Sunday, July 13, 2014

Non-Stop (2014)

            One does not simply skip watching a Liam Neeson movie. At least I don’t. Not to mention that I’m also a huge Downton Abbey fan, so the fact that Non-Stop has Michelle Dockery in it was another incentive for me to watch it.
            When the film started, I thought it was going to be exactly like other airplane movies I had seen, like Flightplan or Red Eye. It had all the key characters: an obviously grief-stricken (and alcoholic) main character, a child flying by themselves, pretty stewardesses, someone who is afraid of flying, and a few passengers who are jerks, who also turn out to be helpful later. As the story continued, it seemed more and more like the plot of Flightplan, with the main character getting blamed for a hijacking. I did like the twist of (*Spoiler) Liam’s character being the one who killed the first victim, at exactly the same moment that the hijacker said someone would die. That took a lot of planning on the hijacker’s part and made for an interesting movie to watch.

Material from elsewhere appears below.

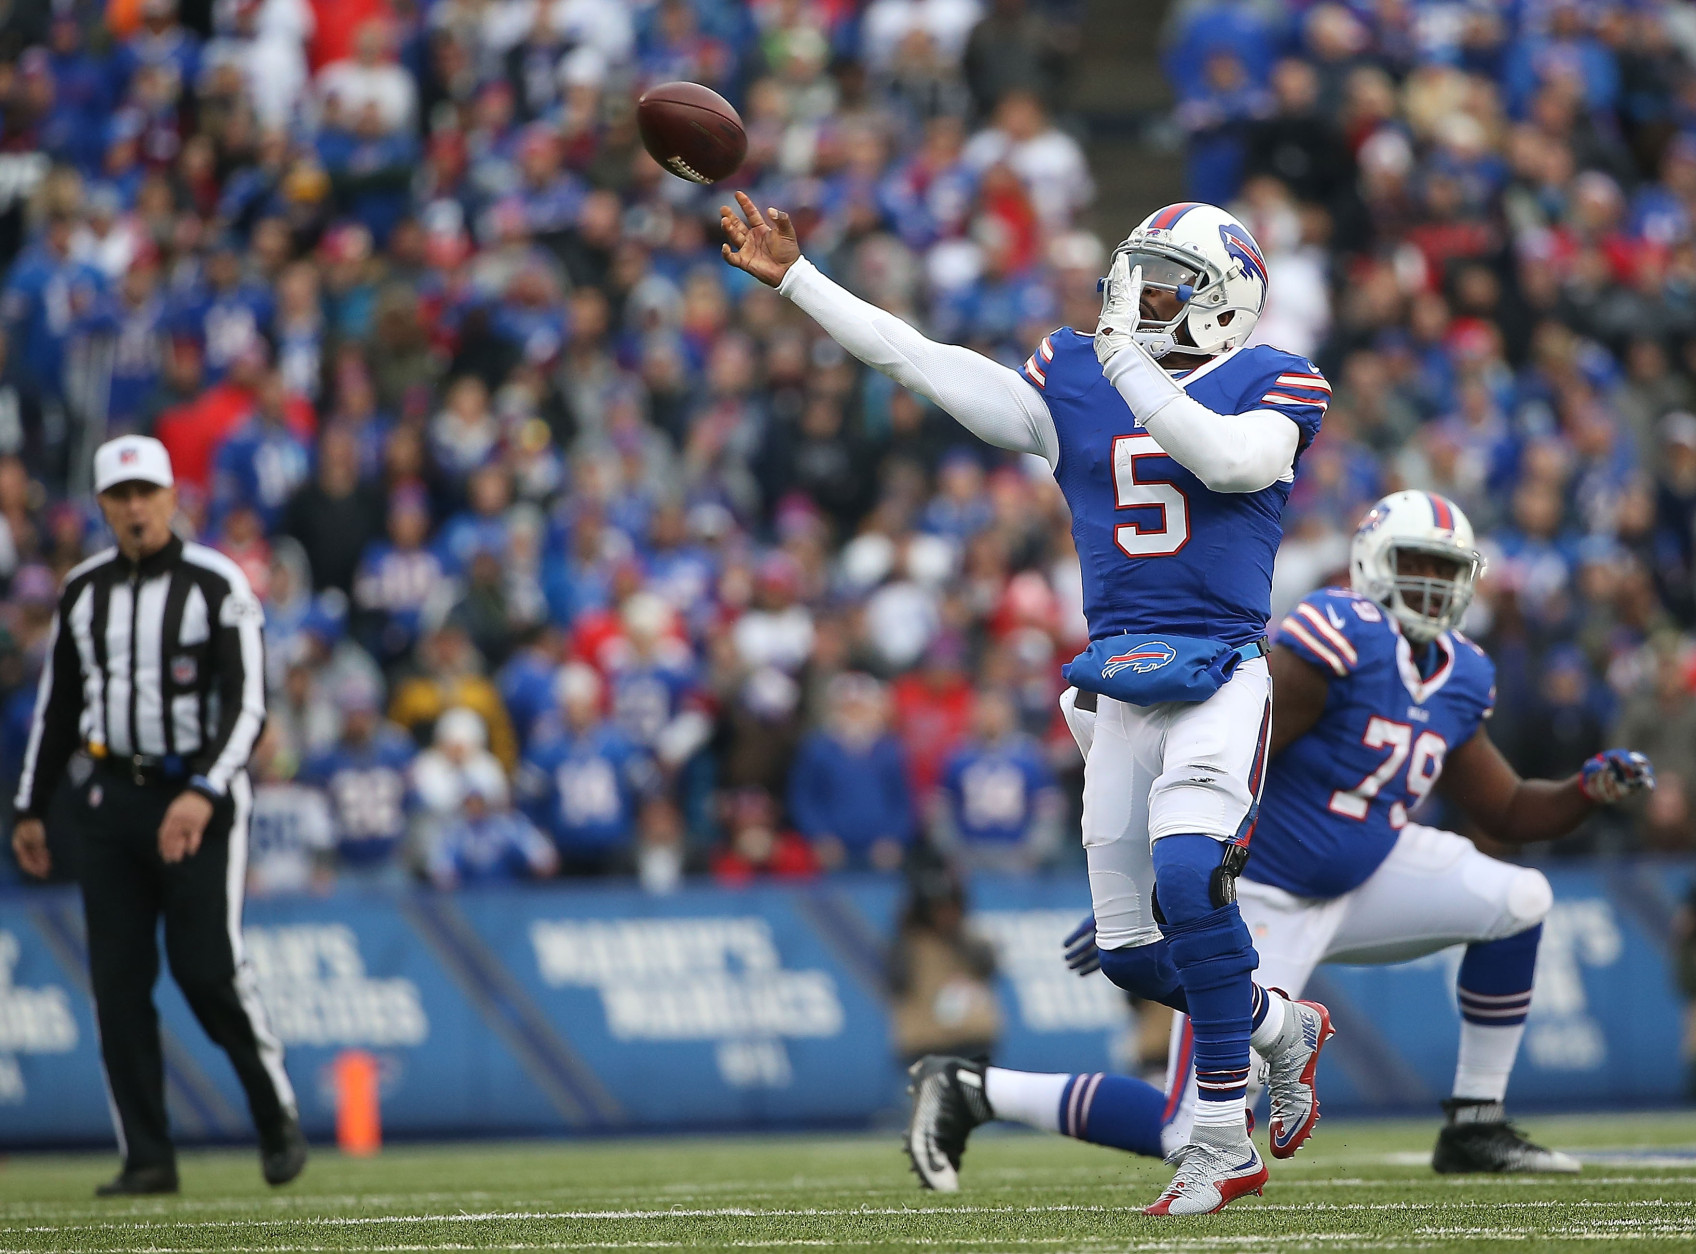 ORCHARD PARK, NY - DECEMBER 06:   Tyrod Taylor #5 of the Buffalo Bills throws the ball against the Houston Texans during the second half at Ralph Wilson Stadium on December 6, 2015 in Orchard Park, New York.  (Photo by Tom Szczerbowski/Getty Images)

            They also did a good job with not cluing the audience in to who the hijacker was. I predicted that it was going to be Julianne Moore’s character, since she would be the most surprising choice. Even though she was sitting next to Liam while the hijacker was texting him. I thought that maybe she had an accomplice (which turned out to be correct, because there were two men hijacking the plane). I was disappointed when she was not the culprit, because then her character was just kind of useless. I’m still trying to figure out why she was in the movie, other than to provide a pretty weak romantic storyline between her and Neeson’s character.
            I was also disappointed when the hijacker turned out to be someone who had already been suspected earlier in the movie. It kind of felt anti-climactic to me. I also was confused when the computer programmer was also involved in the hijacking. Wasn’t he helping earlier in the movie when he told Liam and Co. how to track the phone that he hijacker was using? I know that his partner dumped the phone onto someone else before they could discover it on him, but couldn’t the programmer just have lied and said that he did not know how to track the phone?
            The film may not have been perfect, but I was still very much entertained throughout. Like I said earlier, I would watch anything with Liam Neeson in it, even though he always seems to play such depressed and troubled characters in movies (i.e. Taken, The Grey, etc). Poor Liam.